Using the genome of C. glutamicum ATCC 13032 as a template, use tuf-1 (SEQ ID NO.35)/tuf-2 (SEQ ID NO.36) as primers to amplify the tuf promoter, digest the tuf fragment with EcoRI/SalI and combine with The pEP2 plasmids digested with the same restriction enzymes were ligated to obtain a low-copy plasmid pEP2 ^tuf with a tuf promoter. Using the E.coli MG1655 genome as a template, rhtA-1 (SEQ ID NO.37)/rhtA-2 (SEQ ID NO.38) was used as primers to amplify the rhtA fragment, and the fragment was digested with XbaI/BamHI and processed The pEP2 ^tuf plasmid digested with the same restriction enzyme was ligated to obtain the pEP2 ^tuf- rhtA plasmid, and Figure 2B is a verification map of the plasmid pEP2 ^tuf- rhtA digestion.

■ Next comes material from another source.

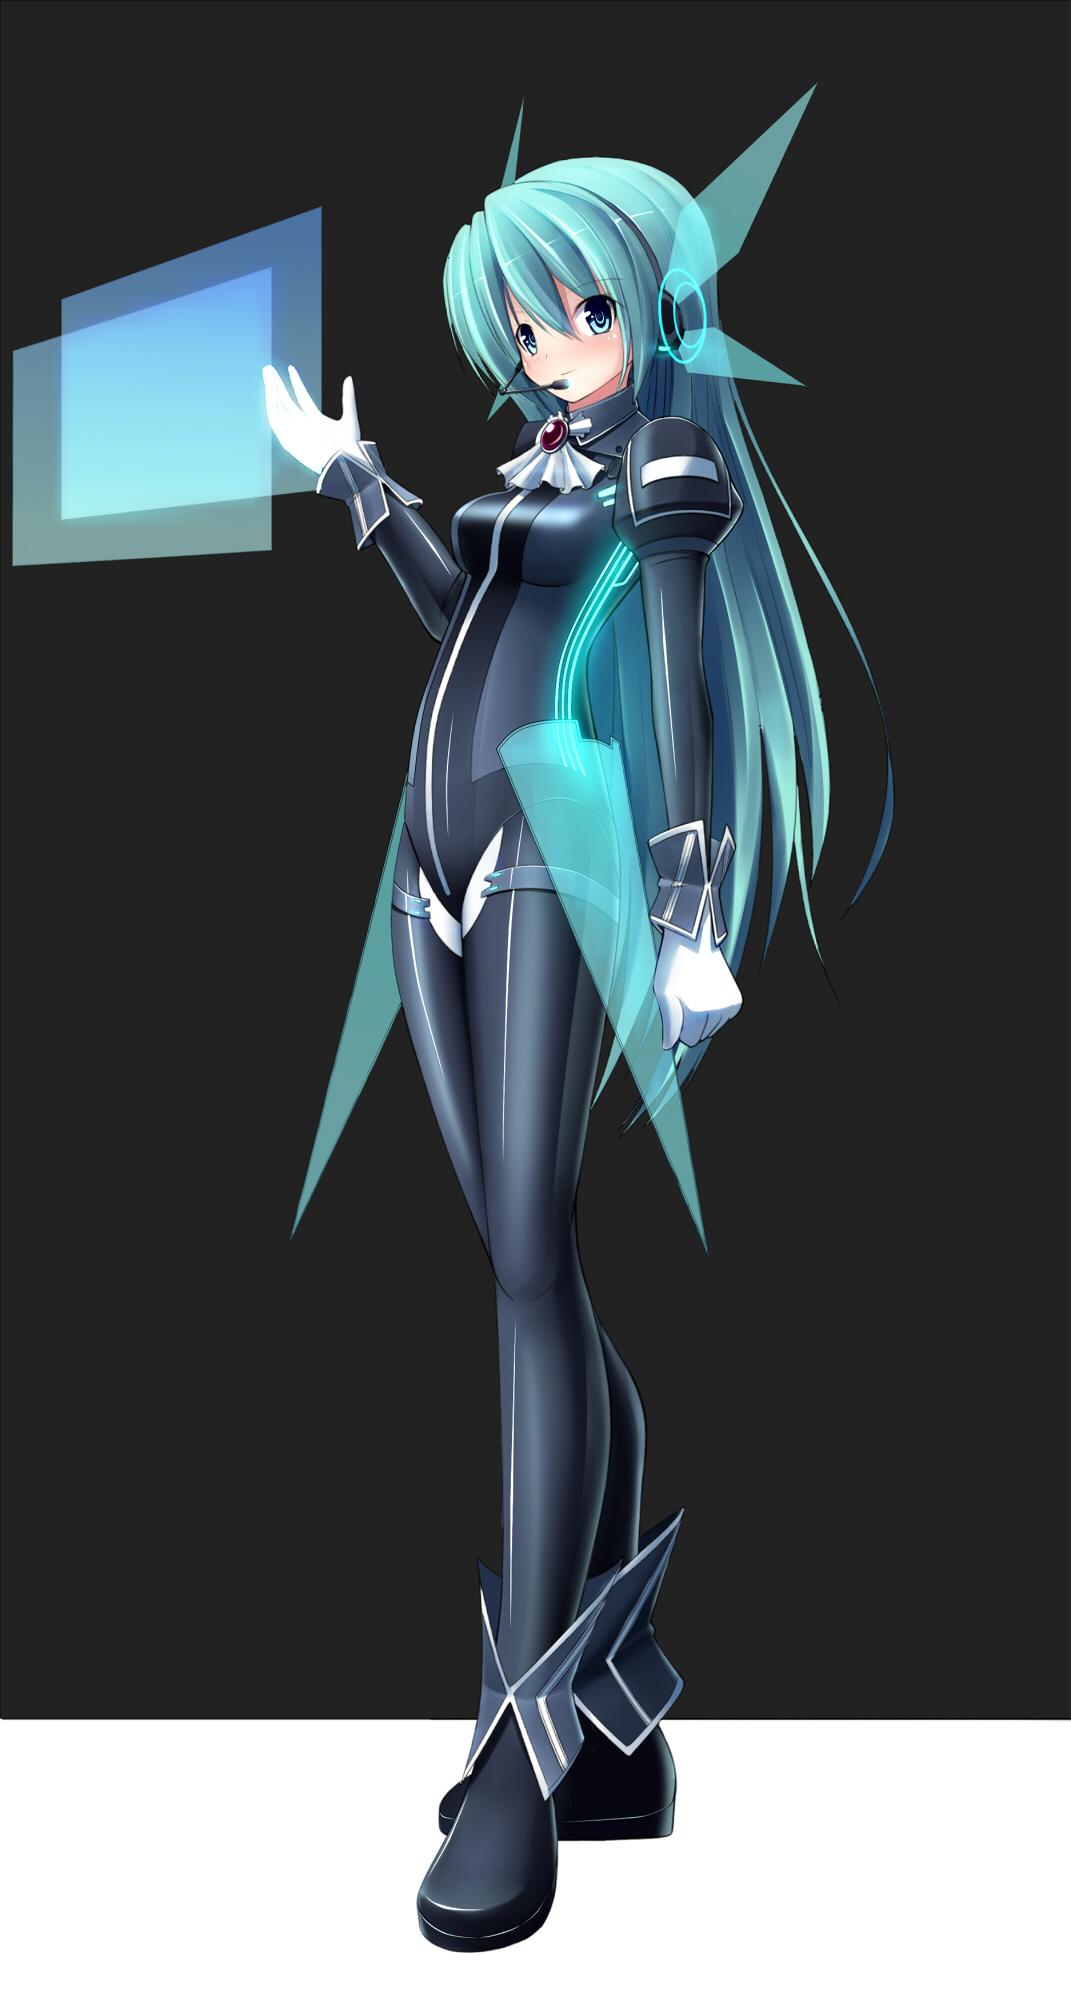 Project diva plug in zerochan anime image board - Hatsune miku project diva ...

The constructed pXA plasmid was introduced into strain CB6, and screened by chloramphenicol to obtain strain AL1 with pXA plasmid. The constructed pEP2 ^tuf -rhtA plasmid was introduced into AL1 by electroporation and screened by chloramphenicol and kanamycin to obtain the final 5-aminolevulinic acid producing strain AL2.

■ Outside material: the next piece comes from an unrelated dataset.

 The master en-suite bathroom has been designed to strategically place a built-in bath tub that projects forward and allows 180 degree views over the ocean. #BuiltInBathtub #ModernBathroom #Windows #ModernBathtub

The gene manipulation involved in the present invention is shown in Fig. 1, "X" in Fig. 1 represents knockout, and underline represents overexpression.

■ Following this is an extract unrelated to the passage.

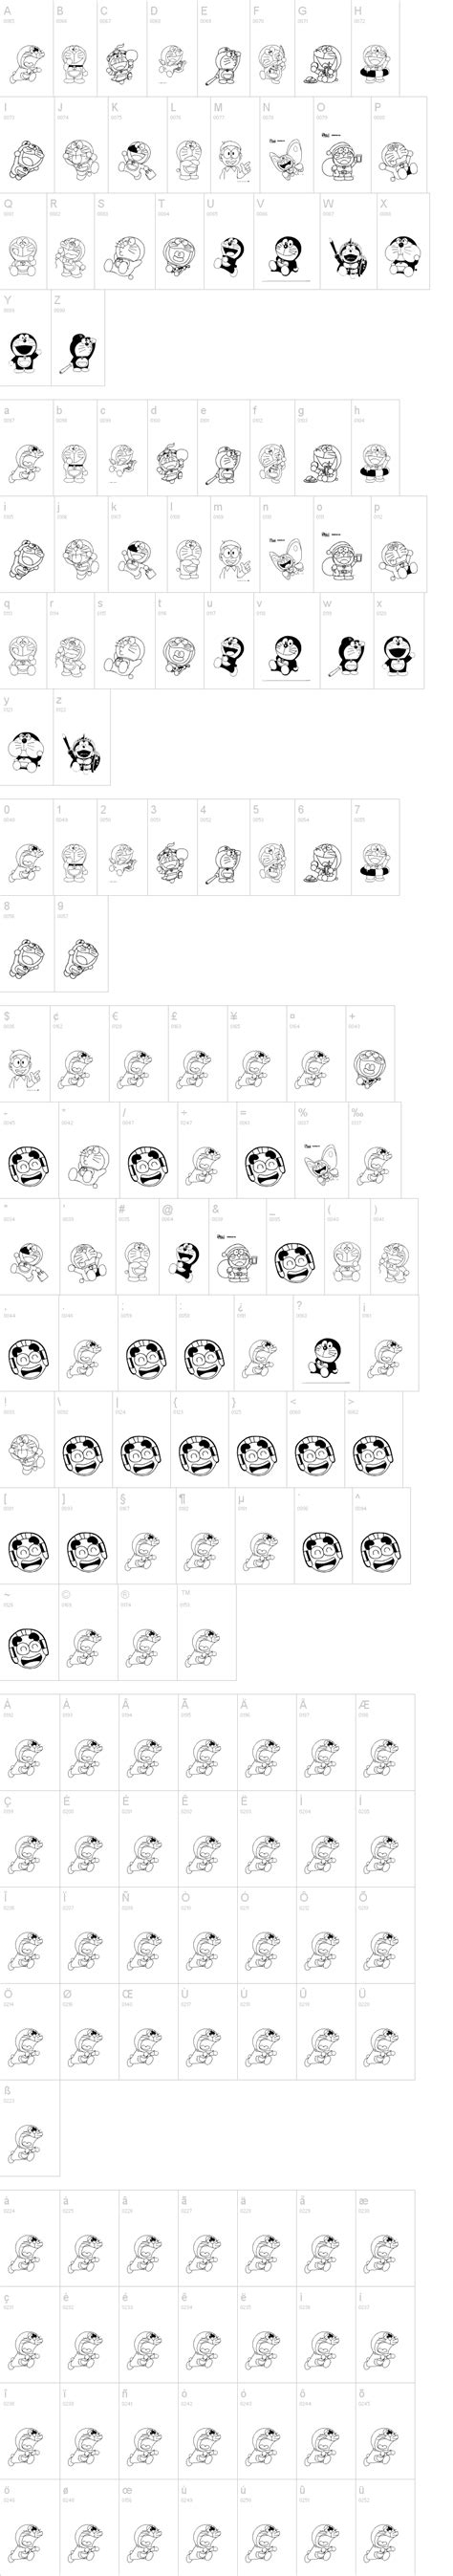 Dafont Doraemon   doraemon slalala font dafont com

Table 1 The sequences of primers used for strain construction

Embodiment 5: Utilize the bacterial strain constructed to carry out the shake flask fermentation of 5-aminolevulinic acid

The constructed strain AL2 was fermented in shake flasks.

The specific fermentation method is as follows

The inoculation method is as follows: first activate the strain on the BHIS solid plate, cultivate it at 30°C until the colony is visible, then pick a single colony and inoculate it into 5 mL of kanamycin sulfate with a final concentration of 25 μg/mL and a final concentration of 10 μg/mL After being cultured in the BHIS liquid medium of chloramphenicol for 15 hours, it was transferred to the M1 medium, and the seeds were inoculated into the M2 medium when the culture reached the middle and late logarithmic stages. Isopropylthio-β-D-galactoside was added to the medium at a final concentration of 0.5 mM as an inducer. After the fermentation, the output of 5-ALA detected was 2.78g/L.

The composition of M1 medium is (g/L): glucose 10, yeast extract 10, tryptone 10, NaCl 2.5.

The composition of M2 medium is (g/L): glucose 10, yeast extract 10, tryptone 10, NaCl 2.5, 3-(N-morpholine) propanesulfonic acid 21, glycine 7.5.

Claims (3)

1. produce a construction method for the Corynebacterium glutamicum strain of 5-ALA, it is characterized in that including walking as follows Rapid:

(1) in Corynebacterium glutamicum (C.glutamicum) ATCC 13032, lactic dehydrogenase enzyme coding gene ldhA and second are knocked out Acid generates gene pta-ackA, pqo and cat, and the Strain Designation obtained is CB4；Phosphoenolpyruvic acid in CB4 bacterial strain Carboxylase encoding gene ppc is previously inserted into strong sod promoter, obtains bacterial strain CB5；Phosphoenolpyruvate is knocked out in CB5 bacterial strain Pyruvate carboxykinase encoding gene pck, obtains bacterial strain CB6；

(2) by the plasmid pXA of process LAN 5-Aminolevulinate synthase gene built and process LAN RhtA transport protein Plasmid pEP2^tuf-rhtA is transferred in CB6 bacterial strain, it is thus achieved that produce the Corynebacterium glutamicum strain AL2 of 5-ALA.

2. the Corynebacterium glutamicum strain AL2 producing 5-ALA that the method described in claim 1 builds.

3. the purposes of the Corynebacterium glutamicum strain AL2 producing 5-ALA of claim 2.